A qui appartient la langue ?
Vous ne le savez pas ?
Alors je vais vous le dire :
Elle est à moi, la langue m'appartient.
Je fais ce que je veux avec.
Je peux manier le vocabulaire à ma guise, inventer des mots à foison, déformer la syntaxe, triturer la grammaire, mal orthographier le mot orthographe ou n'importe quel autre mot.
J'ai ce pouvoir.
Mais toi aussi.
Elle est à toi, la langue t'appartient.
Tu peux toi aussi manipuler ta langue, la tordre, la caresser, l'élever, la métamorphoser.
La langue t'appartient.
Tu ne le savais pas ?
Eh bien je l’ai invitée pour qu’elle te le confirme par elle-même.
Oui.
Elle est ici, en personne, pour t’en convaincre.
La langue t’appartient met en scène la langue française, venue ‘en personne’ et ‘en langue’ éveiller le désir et l’amour d’elle auprès du public.
En se présentant comme un être vivant, elle se met à hauteur d’humains et se raconte sans fard ni compromission. De sa naissance à la peur de sa propre mort, elle évoque ses failles, ses forces, ses blessures, ses beautés, ses copines les autres langues, son histoire, la complicité ou au contraire la défiance qu’entretiennent ses locuteurs envers elle, avec un seul mot d’ordre : « Aimez-moi plus ! »
De manière ludique, joyeuse, parfois légère et comique, Labadens - La langue t’appartient a un objectif didactique constant, l’auteur-interprète partant du principe (éprouvé) qu’on apprend mieux en s’amusant.
L’intérêt d’incarner la langue française, plutôt que de parler d’elle, est d’éviter autant que possible le jugement. Le linguiste a sa propre expertise, chaque francophone a ses propres perceptions sur certains sujets. Mais quand c’est la langue elle-même qui parle de son histoire, des puristes, des laxistes, de l’orthographe, de la langue inclusive, des chocolatines versus pains au chocolat… elle le fait sans se juger elle-même et sans condamner celles et ceux qui la pratiquent.
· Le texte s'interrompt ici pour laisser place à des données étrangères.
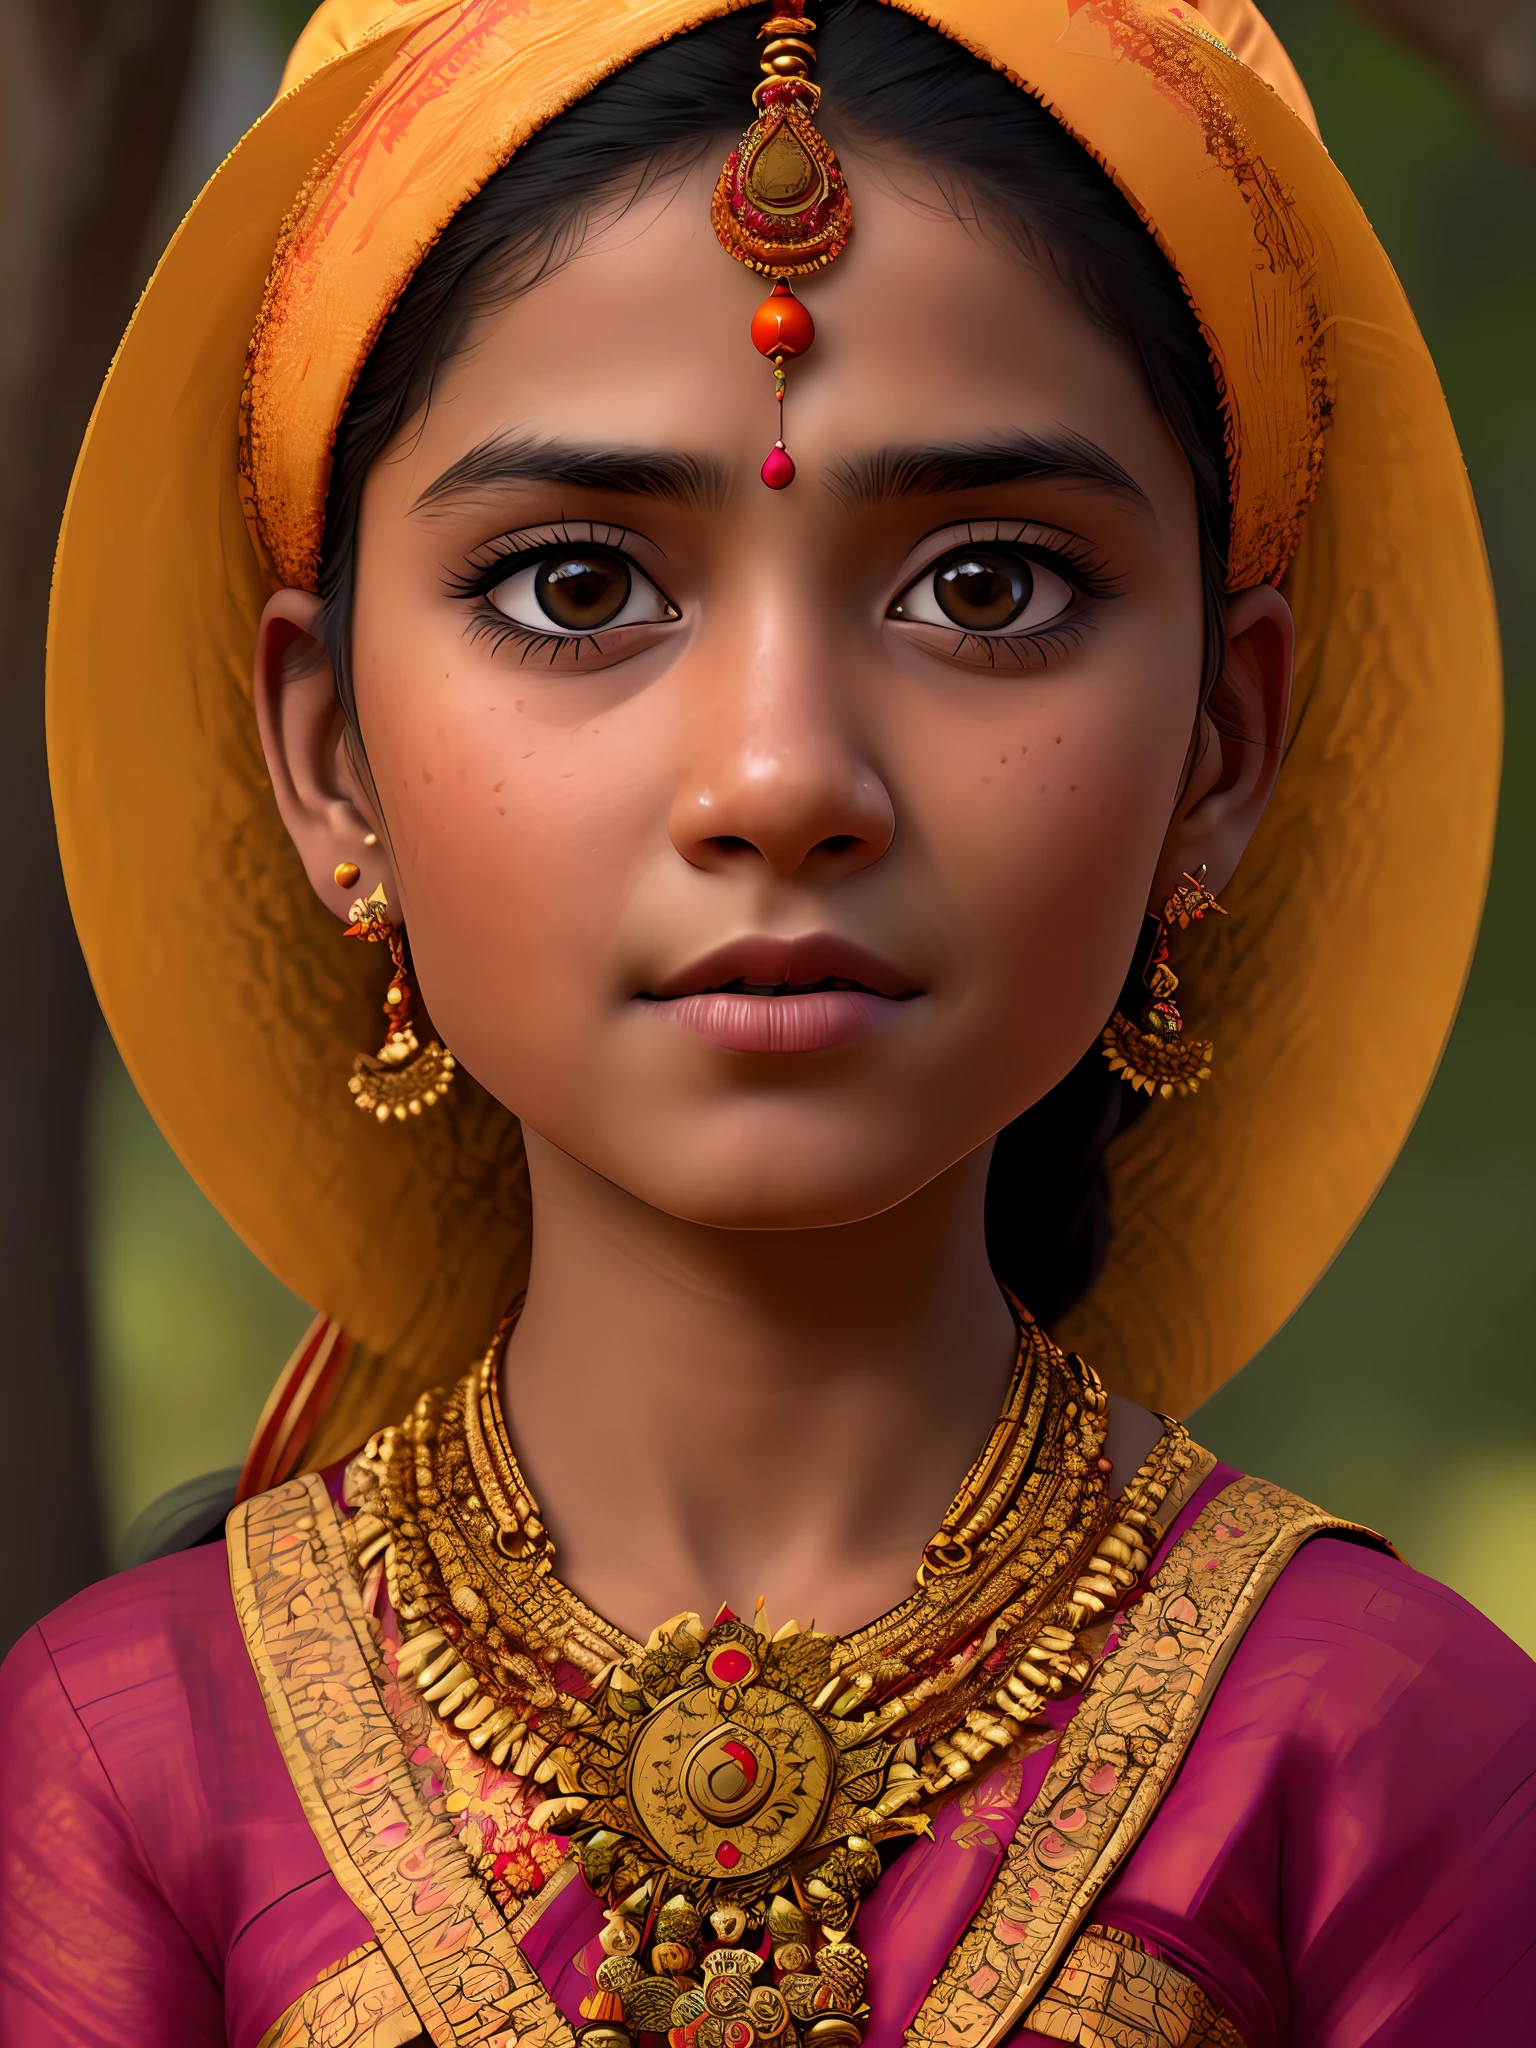 Портрет индуистской девушки в типичных костюмах., 4к текстуры, HDR, сложный, очень подробный, острый фокус, сверхдетализированный

D’autre part, la personnification d’une langue est destinée à augmenter le lien émotionnel entre elle et les autres.
Genèse du projet
 
Sébastien Haton enseigne la linguistique depuis 1997. D’abord à l’université dans diverses sections, puis à la campagne dans sa Bourgogne d’adoption, où il a créé à domicile, ou dans le cadre associatif avec des amis, une sorte d’université du temps libre.
C’est à l’occasion de ses nombreux cours et ateliers qu’il s’est forgé plusieurs certitudes ou quasi-certitudes :
- Tout le monde est intéressé par sa propre langue, mais beaucoup de gens la connaissent finalement assez mal.
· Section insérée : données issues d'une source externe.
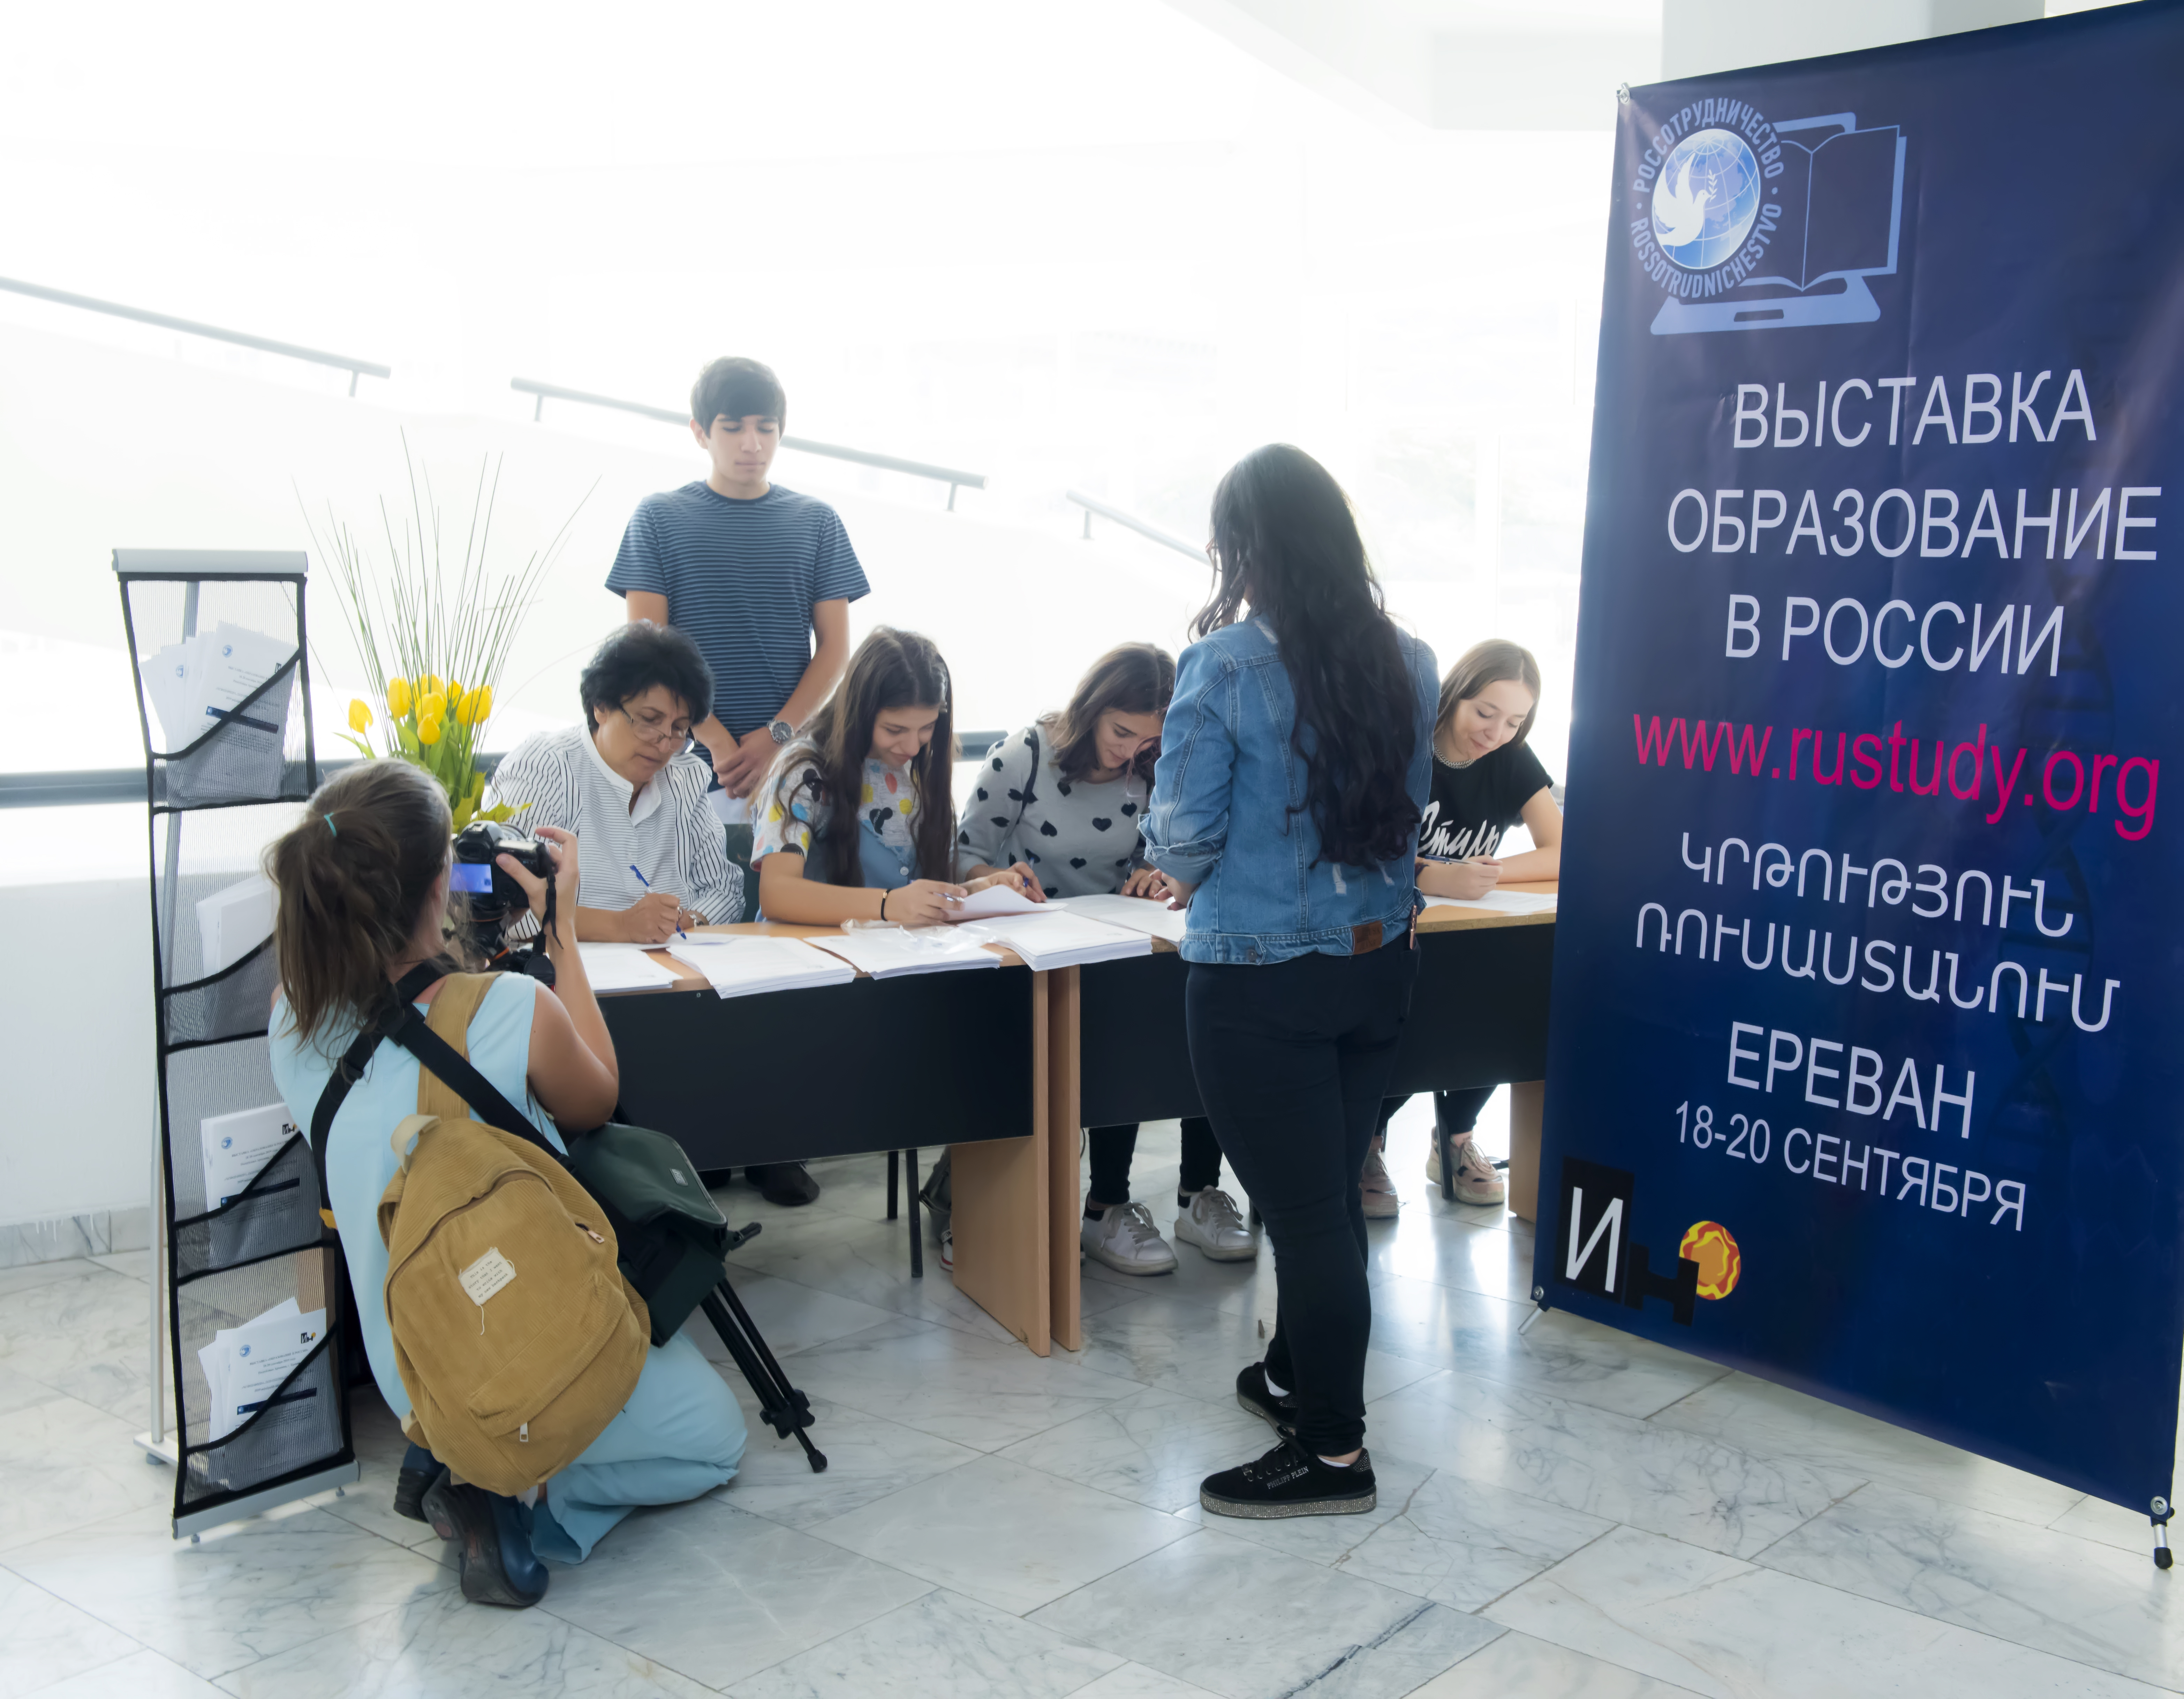 Интерес к российскому образованию: в Ереване завершилась выставка «Образование в России»

- Même quand on ne l’aime pas, souvent à cause de souvenirs scolaires, on peut apprendre à l’aimer quand même. On peut se réconcilier avec.
- Apprendre est un plaisir intense quand on le fait en s’amusant.
Or, c’est grâce aux participants à ses ateliers du temps libre que Sébastien a patiemment noté toutes les fois où son public a ri ou s’est exclamé sur tel ou tel aspect de la langue. Tous bien sûr ne peuvent figurer dans un seul spectacle… mais il faut bien commencer par quelque chose et c’est ce que Sébastien a fait : relever ces moments de rire, les sélectionner et les agencer pour en faire le solo présenté ici.
D’abord programmée en 2020 et 2021, à chaque fois reportée cause Covid, La langue t’appartient voit enfin le jour sous sa forme définitive.
Grâce au soutien d’une metteuse en scène géniale et d’un producteur attentif et motivé, son aventure prend forme.
Suivez la langue !
 
 
Genèse de la collaboration
 
En 2021, peu avant l’annulation cause Covid de la deuxième résidence de création qu’il devait consacrer à sa pièce, Sébastien Haton demande à ses amis artistes Nathalie Lermitte et Alfred Perrin s’ils veulent bien entendre son solo en lecture simple. Jusqu’ici, il n’avait jamais montré ni fait écouter le texte à qui que ce soit. Son unique dessein était alors d’avoir un avis circonstancié de la part de personnes qui vivent et travaillent dans le spectacle depuis longtemps.
Ils acceptent immédiatement et « supportent » plus d’une heure durant l’audition de la première version du spectacle. À l’issue de cette lecture impromptue, Sébastien attend avec fébrilité les critiques… et reçoit en premier lieu deux propositions qui l’empliront d’une joie intense :
Nathalie – Est-ce que ça te dirait que je le mette en scène ? Bien sûr, il y a des choses à changer, mais…
Alfred – Et moi je pourrais le produire. Notre compagnie pourra le présenter, on s’occuperait de toi.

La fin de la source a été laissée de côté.